BANGKOK • Three police officers have been killed by a bomb buried beneath a road in Thailand's southernmost Yala province, where Muslim separatists have been waging a simmering insurgency against the state, the authorities said.
The police were travelling in two pick-up trucks yesterday when the first was blown up by a roadside bomb, said police Lieutenant-Colonel Chamnan Bhutpakdee.
"The assailants detonated the bomb when the truck was passing over, instantly killing the three officers," he said. Insurgents then opened fire on the second vehicle, wounding two officers. One was in critical condition.
The three dead officers were in their late 20s and "were on a trip to gather intelligence", said a police officer in Krong Pinang district.

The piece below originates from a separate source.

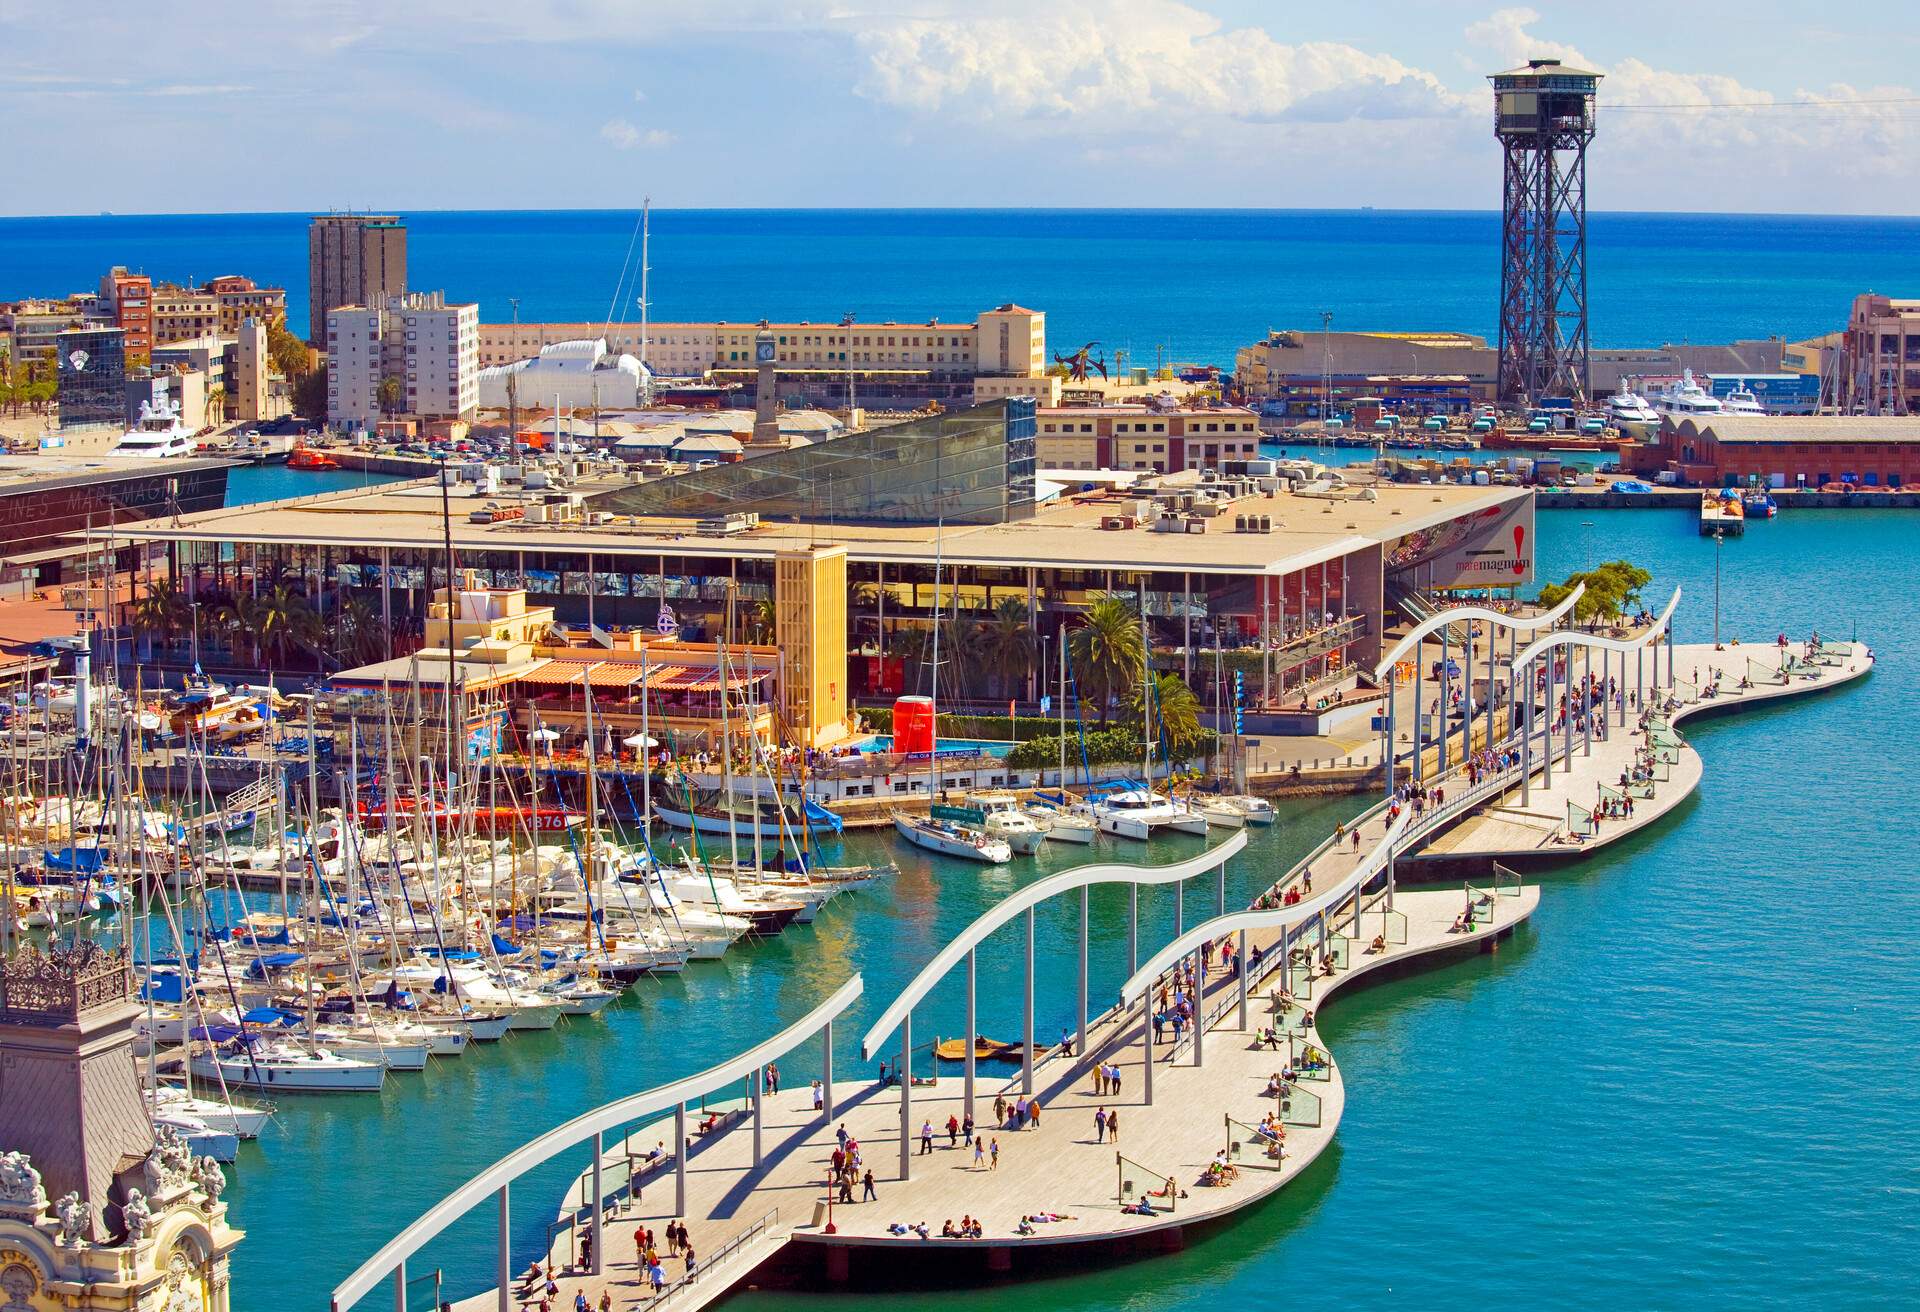 Barcelona, Catalonia, Spain. Port Vell contains the Maremàgnum (a mall containing shops, a multiplex cinema, bars and restaurants), IMAX Port Vell and Europe's largest aquarium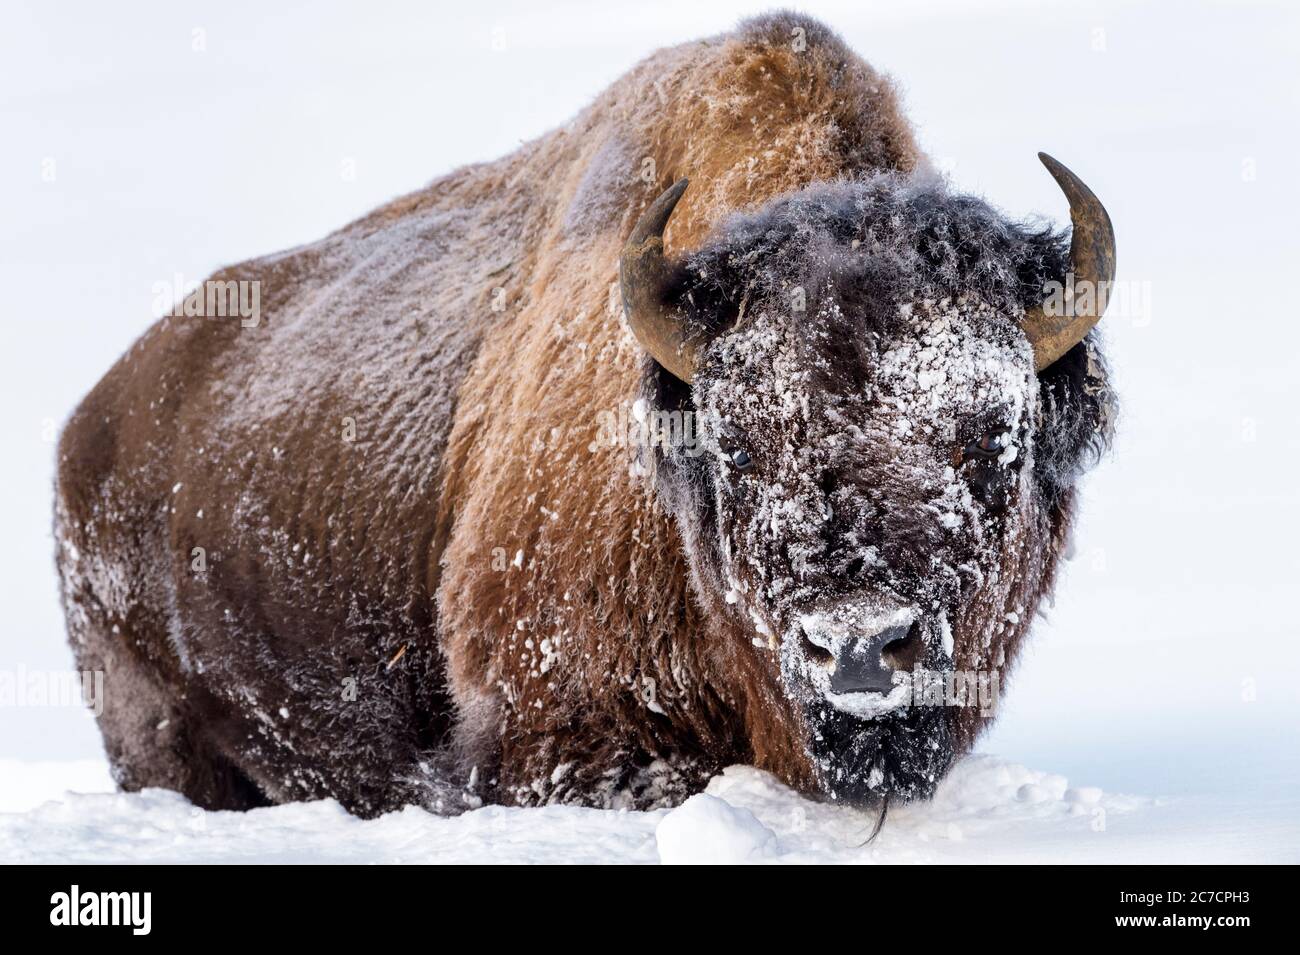 Frozen American Bison (Bison bison) standing in snow, looking at camera, Yellowstone National Park, Wyoming, United States Stock Photo

Remote and surrounded by densely forested hills, Krong Pinang is an insurgency hot spot where mistrust of Thai security forces runs high.
Yala, along with Pattani and Narathiwat, are Muslim-majority provinces in the deep south of mostly-Buddhist Thailand. Insurgency has plagued the region for decades. Since 2004, more than 6,500 have been killed, according to the Deep South Watch monitoring group.
The rebels are widely believed to be behind an unprecedented string of bomb blasts on tourist towns outside their conflict zone in August, killing four people. But the Thai authorities have avoided linking those attacks to southern militants.